Mr Justice Keane also expressed the court’s condolences to the family of Mr Farnan.

Mr Farnan’s mother, Ivona Shortt, said at an earlier hearing on March 16 that her son’s “brutal” murder would haunt her family forever.

In a victim impact statement read to the court, Ms Shortt described her son as a “big friendly giant” who was loved for his quick wit, kindness and generosity.

Describing the fatal shooting as an “act of brutality that we could never imagine”, she revealed she has spent years wondering who killed her son and why. She said she feared the killer might be in her community, maybe even standing next to her in the local shop.

“Tom is a statistic to many but he is not a statistic to me; he is my son, my child who I brought lovingly into this world as an innocent life,” she said. “The way he died will haunt us forever.”

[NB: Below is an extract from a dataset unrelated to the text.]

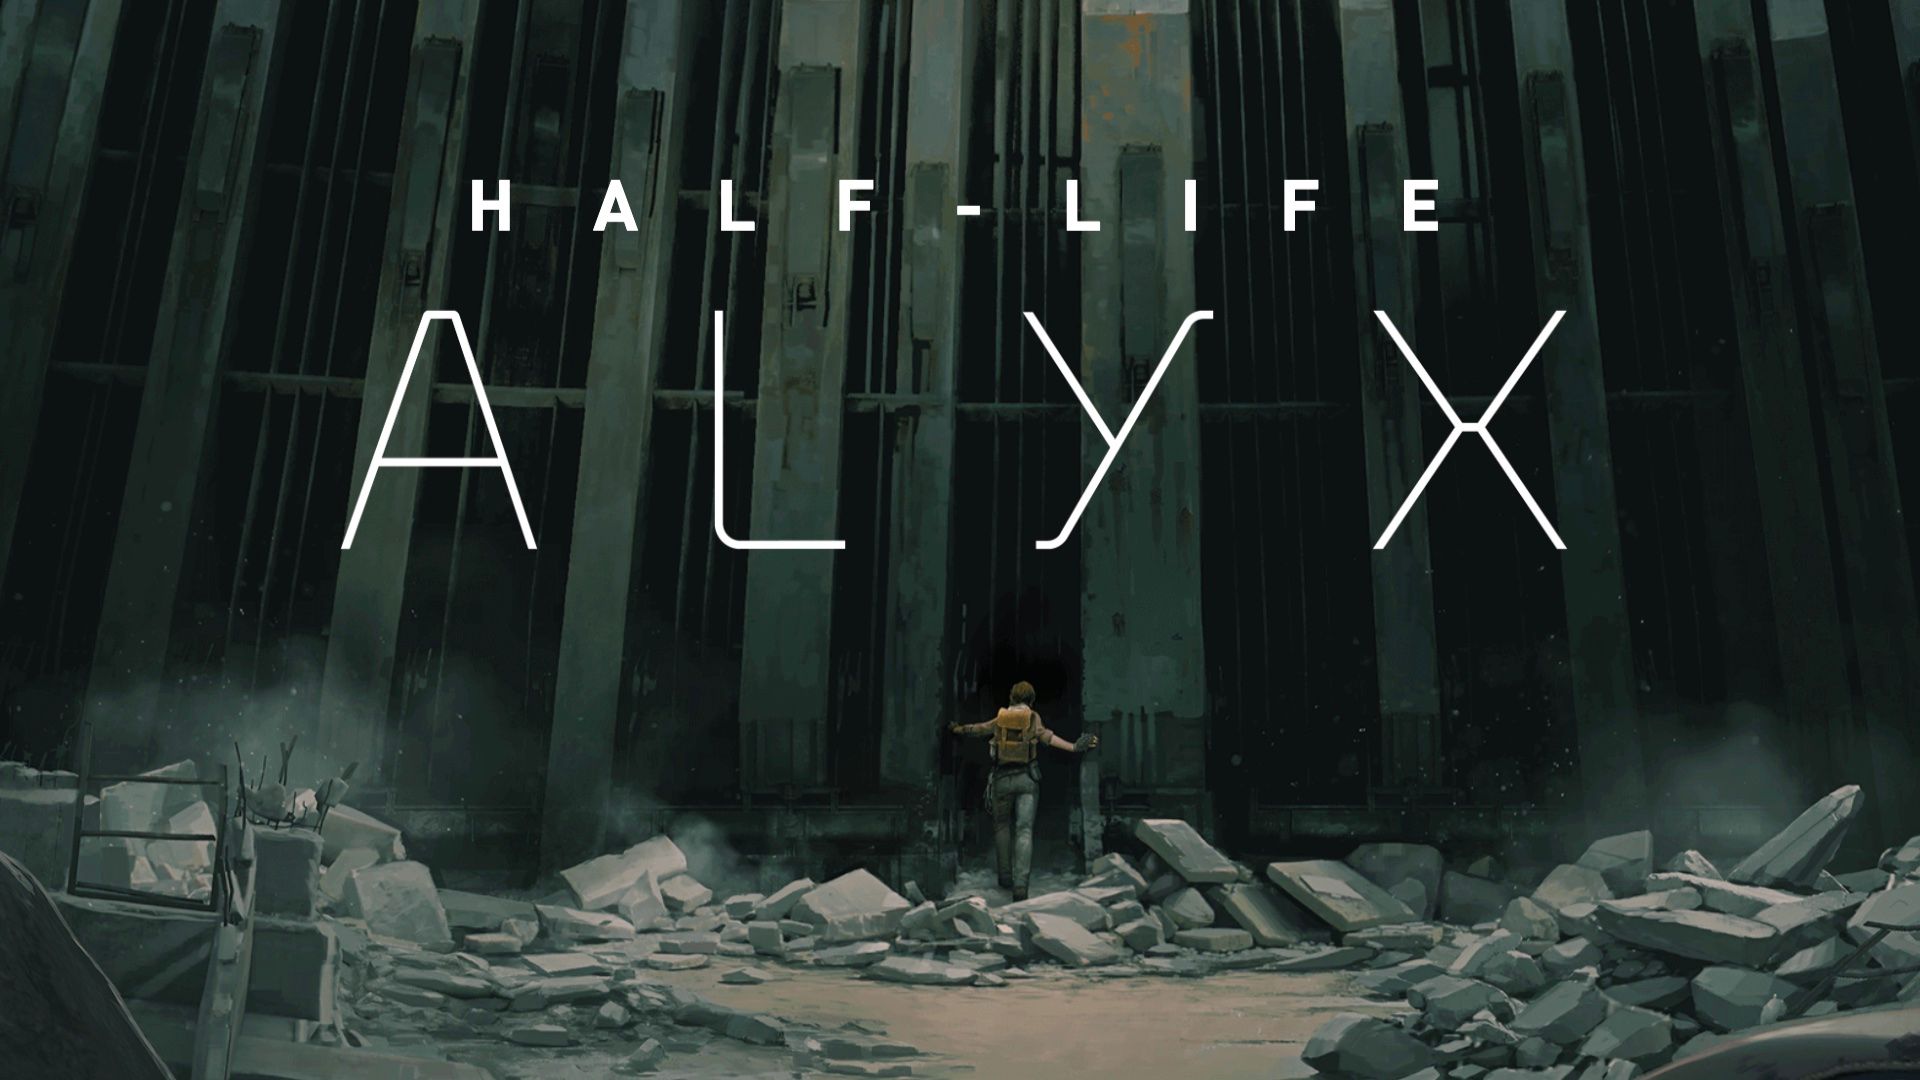 Half-Life: Alyx's Ending Explained - What It Means For The Series And VR

Speaking outside court, Ms Shortt recalled that she was speaking to her son on the phone when he asked her to “hang on mam, there’s someone at the door”. When she didn’t hear from him again she presumed he had forgotten about her and she went to bed.

“Tom was so funny, he was a big chap and so funny and had the funniest laugh. He loved life and he had two little dogs, Marley and Missy, and he brought them everywhere with him. He was so kind and really, really good-natured,” she added.

Making sense of his killing was “the hardest part” she said, describing it as a “senseless act that should never have happened”.

In court, Detective Superintendent Colm O’Malley told Roisin Lacey SC, for the DPP, that Mr Farnan was shot dead at 11.20pm as he answered a knock at the front door of the ground floor apartment he shared with his partner.

The shooter fired six shots at Mr Farnan, hitting him five times and causing nine injuries including the fatal injury to his chest. He was pronounced dead at the scene.

Neighbours said they saw a man running towards a walkway along the Royal Canal with a gun in his hand moments after hearing the series of gun blasts.

Det Sgt O’Malley said Merriman became a person of interest in the investigation and gardai searched his home.

Forensic investigators found gunshot residue on the clothes that matched residue from the discharged cartridges found at the scene.

Following a further search of the home in May 2016, gardai discovered a sub-machine gun and 25 rounds of ammunition hidden in the attic. Det Sgt O’Malley said the sub-machine gun was not the gun used to shoot Mr Farnan. Merriman was sentenced in 2018 to five years in prison for possession of the firearm in suspicious circumstances. He is still serving that sentence.

Sgt O’Malley said Merriman had been an accomplished footballer, playing with Peamount United in his early teens, but he drifted away and “became involved with individuals in Clondalkin”. Merriman started committing petty crimes and moved on to more serious crime after becoming involved with a criminal gang, the sergeant said.

Merriman’s previous convictions included theft, burglary, robbery, possession of knives, criminal damage, breach of the peace, intoxication in public and possession of drugs for sale or supply, the detective said.

Fiona Murphy SC, for Merriman, told the court that her client pleaded guilty as soon as it was clear that the DPP would accept the lesser charge. She said that her client’s offending was linked to his drug use but in prison, urinalysis shows he is drug free since January of this year.

She said he has spent almost one quarter of his life in custody but in 2020 he reached a turning point in his life. She said he is an enhanced prisoner with special duties and is considered by staff to be a model prisoner.

He has undertaken numerous courses while in prison. She said he went “off the rails” in his teens after his parents separated and is “paying for it dearly having been in custody for the last six years”.